Ha, nice try! I reverse-engineered it.

<html> <head> <title>Source</title> </head> <body> Can you view my source from Chrome or Firefox? </body> </html>

You missed a paragraph tag. And 'inspect element' in Chrome shows you the source.
Works fine in midori.
$ curl http://www.kurlak.com/john/%E2%80%AElmth.ecruos <!DOCTYPE HTML PUBLIC "-//IETF//DTD HTML 2.0//EN"> <html><head> <title>406 Not Acceptable</title> </head><body> <h1>Not Acceptable</h1>

An appropriate representation of the requested resource /john/‮lmth.ecruos could not be found on this server.</p>

Additionally, a 404 Not Found error was encountered while trying to use an ErrorDocument to handle the request.</p> </body></html>

View Source works just fine in Opera!
'view source' for me has been command + option + j (dev console) for a while now. It will always show you the live element tree.

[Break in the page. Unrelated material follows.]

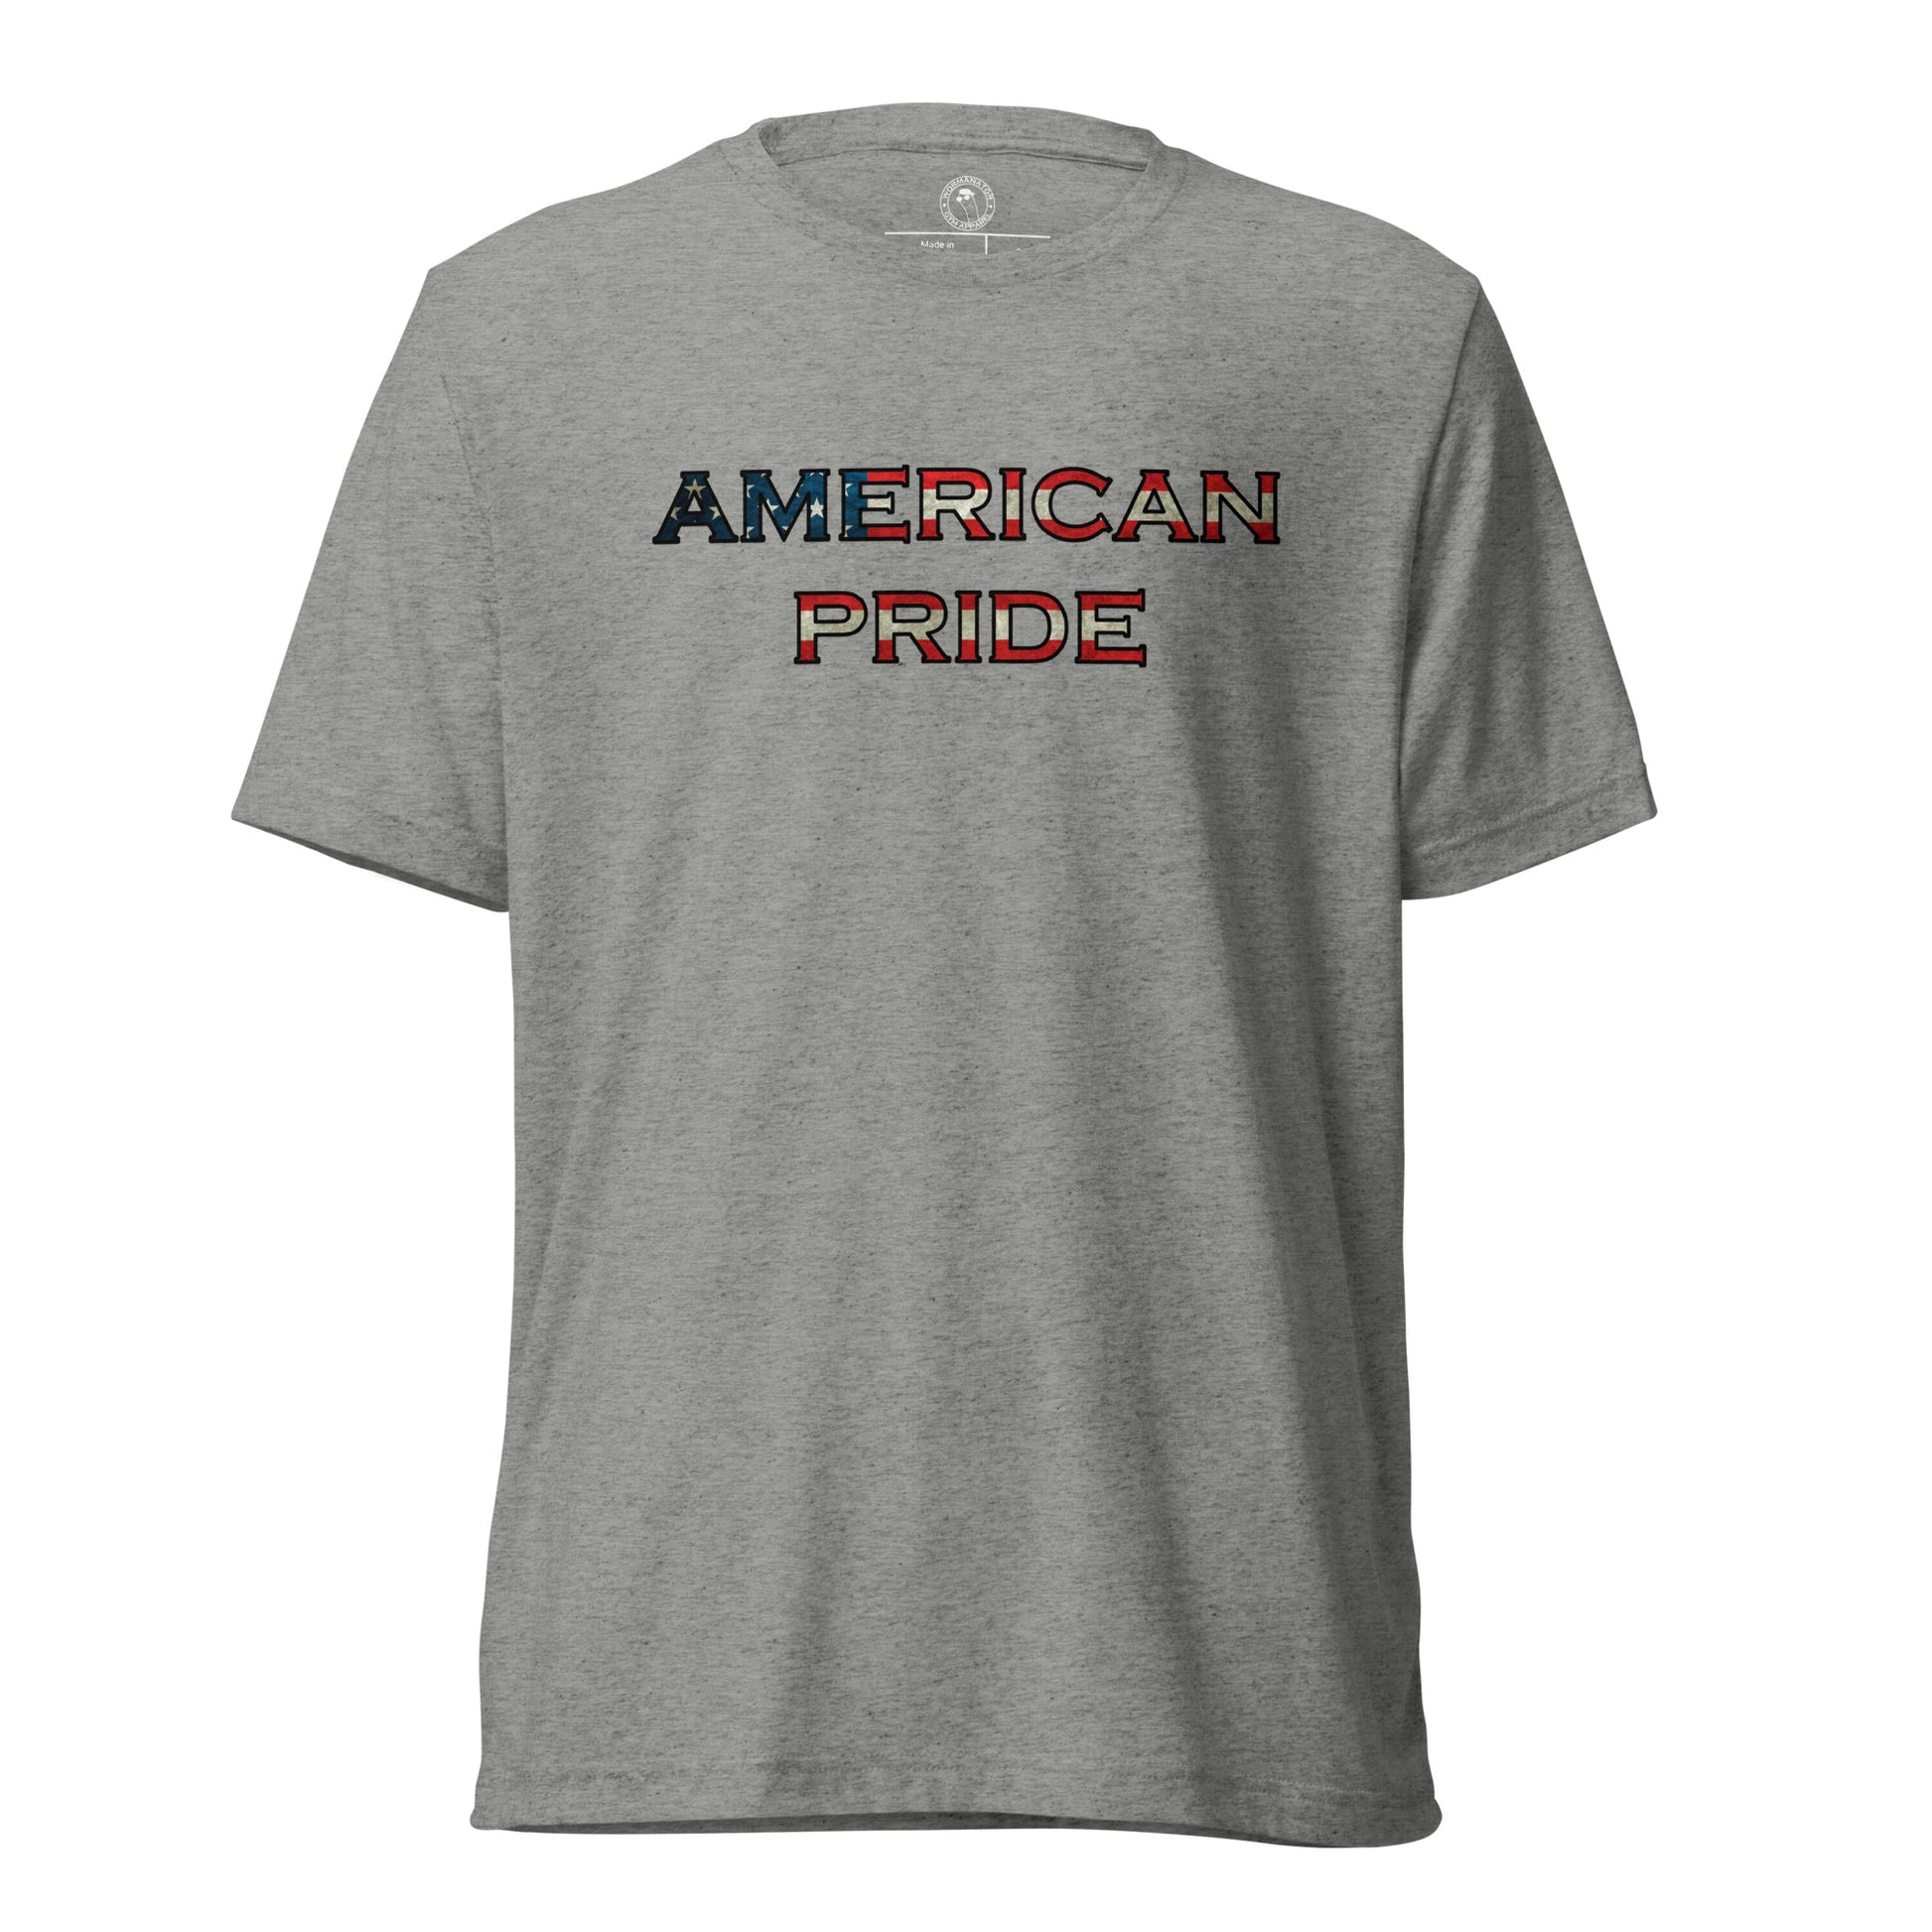 American Pride T-Shirt in Athletic Grey Triblend

That said, pretty neat trick.

That's what I went straight for, too.
Right mouse button > inspect element. Wasn't aware there was another way...
That's not view source. You are looking at the current state of the DOM. Usually, it will be similar, but what you're looking for is the source that your browser received from the server. Inspect element won't give you that.
Chrome: Tools -> Developer tools. Then select resources. Done.